Navy Federal Credit Union Wins Appeal in Dispute Over Federal Court Access

The ruling confirms Navy Federal, and by extension all federal credit unions, has the right to litigate lawsuits in federal courts.

Title page from the court ruling.

The $128 billion Navy Federal Credit Union won an appeal on Thursday that confirmed federally-chartered credit unions are allowed to access federal courts through diversity jurisdiction.

The unanimous ruling by the U.S. Court of Appeals for the Fourth Circuit in Richmond, Va., overturned a U.S. District Court judge decision that dismissed a Navy Federal lawsuit because the federal court lacked diversity jurisdiction.

Diversity jurisdiction is one of the key ways that companies and private citizens can access federal courts, so that litigants from states do not hold a home court advantage. When a federal district judge limited that access for Navy Federal – and by extension all federal credit unions – the world’s largest financial cooperative appealed the lower court’s ruling.

CUNA and NAFCU submitted legal briefs in support of Navy Federal’s appeal.

The credit union filed a lawsuit in federal court in Alexandria, Va. in Nov. 2018 over a contract dispute with LTD Financial Services, Advantage Assets II, Debt Management Partners, Bayview Solutions and others. Navy Federal sold a debt portfolio to Advantage Assets II in 2102, which then resold those assets to the co-defendants. This resale allegedly violated Advantage’s asset purchase agreement with the credit union. What’s more, the co-defendants allegedly employed unscrupulous debt-collection practices that defamed Navy Federal, interfered with its business and injured its members, according to court documents.

Interestingly enough, the appeal centered on the meaning of a simple, three-letter conjunction connecting two clauses: “and.”

To establish diversity jurisdiction in order to adjudicate a lawsuit in federal court, Congress provided Section 1332(c)(1) that a corporation must be a citizen of every state and foreign state by which it has been incorporated and (emphasis added) of the state or foreign state where it has its principal place of business.

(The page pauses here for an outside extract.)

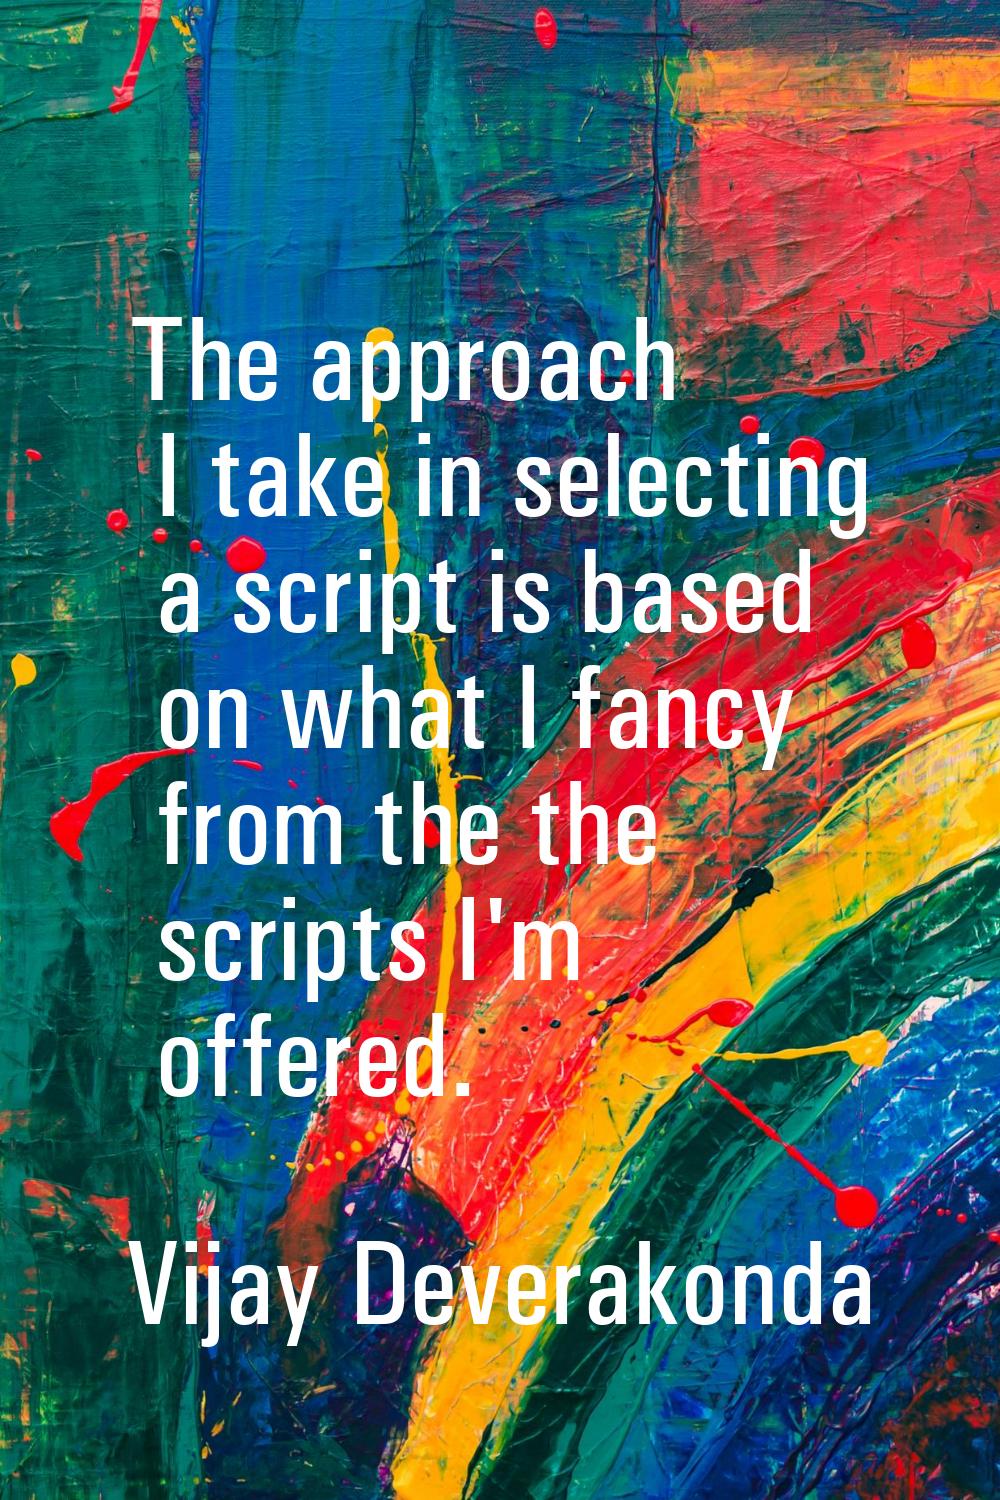 The approach I take in selecting a script is based on what I fancy from the the scripts I'm offered

While this federal law regularly applies to state-chartered corporations, federally chartered corporations, not incorporated in the state or foreign state, do not fit comfortably under the first clause of the federal law, according to the Appeals Court ruling.

The district court ruled a federal corporation is not a citizen of the place where it has its principal place of business under 1332(c) (1). However, the district court also ruled that the use of the conjunction “and” between the two clauses meant that it applies only to those corporations that satisfy both: those chartered by a state or foreign state, not by the federal government.

Although Navy Federal acknowledged the first clause does not grant it state citizenship as a federal corporation, the credit union argued in its appeal that the second clause deems it a citizen of Virginia, which establishes diversity jurisdiction to allow the federal court to preside over the lawsuit.

“In our view 1332(c) (1)’s text, structure and context show that Navy Federal is correct,” the Appeals Court wrote in its ruling. “The plain meaning of and in context here is “in addition to,” and when we add something to nothing, something remains. Section 1332(c) (1) thus requires us to interpret and to give effect to the second clause even when the first clause does not specify a citizenship.”

“Today’s (Thursday) ruling in the 4th Circuit is a huge victory for Navy Federal and its members, and ensures that federal credit unions will have the same access to federal courts that all state-incorporated companies have enjoyed for decades,” Mary McDuffie, president/CEO of Navy Federal said. “Special thanks to our partners at the Credit Union National Association and National Association of Federally-Insured Credit Unions for their support in this case.”

NAFCU and CUNA praised the Appeals Court ruling.

“In a win for federal credit unions, the U.S. Court of Appeals for the Fourth Circuit overturned a lower-court decision and determined that a credit union may file a federal lawsuit in the state where it has its principle place of business,” NAFCU President /CEO Dan Berger said Friday. “This decision will ensure credit unions have equal access to our federal courts, and we are proud to have stood alongside Navy Federal Credit Union in this case.”

CUNA President/CEO Jim Nussle said, “The 4th Circuit’s ruling is a great step forward for federal credit unions in their mission to reasonably serve their members, better aligning federal and state-chartered credit unions as Congress intended.”

Lawyers for LTD Financial Services, Advantage Assets II, Debt Management Partners, Bayview Solutions did not respond to a CU Times request for comment on Friday.